Bargain-hungry buyers sent bank stocks back up Wednesday.

"The selloff earlier in the week was overdone, plus you have takeover speculation in these stocks" heading into the Memorial Day weekend, said Michael A. Plodwick of Lehman Brothers.

From the past few summers investors have learned that "any weekend you hang out the flag raises the possibility of a banking deal," Mr. Plodwick said.

But some market observers doubted any rally in the banking industry is sustainable while higher interest rates remain a threat.

"We saw a recovery today, but anything can take a bounce," said Frank W. Anderson, a banking industry analyst at Samco Capital Markets in Dallas.

In contrast to the steep price slide on Monday and Tuesday, most banks advanced Wednesday. The Standard & Poor's bank index was up 3.76%, and Nasdaq banks rose 0.37%.

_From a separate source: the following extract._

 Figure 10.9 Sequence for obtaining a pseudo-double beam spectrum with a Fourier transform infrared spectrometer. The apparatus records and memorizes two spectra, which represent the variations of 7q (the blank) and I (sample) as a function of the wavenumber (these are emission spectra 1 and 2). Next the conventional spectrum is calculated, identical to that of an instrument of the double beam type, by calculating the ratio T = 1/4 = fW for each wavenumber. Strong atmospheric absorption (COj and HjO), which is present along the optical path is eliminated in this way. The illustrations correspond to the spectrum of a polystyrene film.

Some of the largest banks tallied major gains. Bank One Corp. of Chicago improved 3.82%, to $57.6875, while J.P. Morgan & Co. of New York, rose 4.37%, to $138.875. Bank of New York Co. was up 6.83%, to $36.1875, while Wells Fargo & Co. was up 7.82%, to $41.375.

Among regionals, Zions Bancorp. in Salt Lake City was up 1.86%, to $61.5625, but Fifth Third Corp. slipped 0.65%, to $66.875.

First Union Corp. in Charlotte, N.C., whose stock plunged more than 8% Tuesday, managed a small gain after losing ground most of the day. The shares were up 1.11%, to $45.625.

First Union rocked the investment community Tuesday by announcing for the second quarter in a row that it would not meet profitability estimates. It cited difficulties in integrating its acquisitions.

"The First Union situation has led investors to wonder who might be next," Mr. Anderson said.

Regarding rates, he said the biggest question is the strength of a prospective recovery in overseas economies.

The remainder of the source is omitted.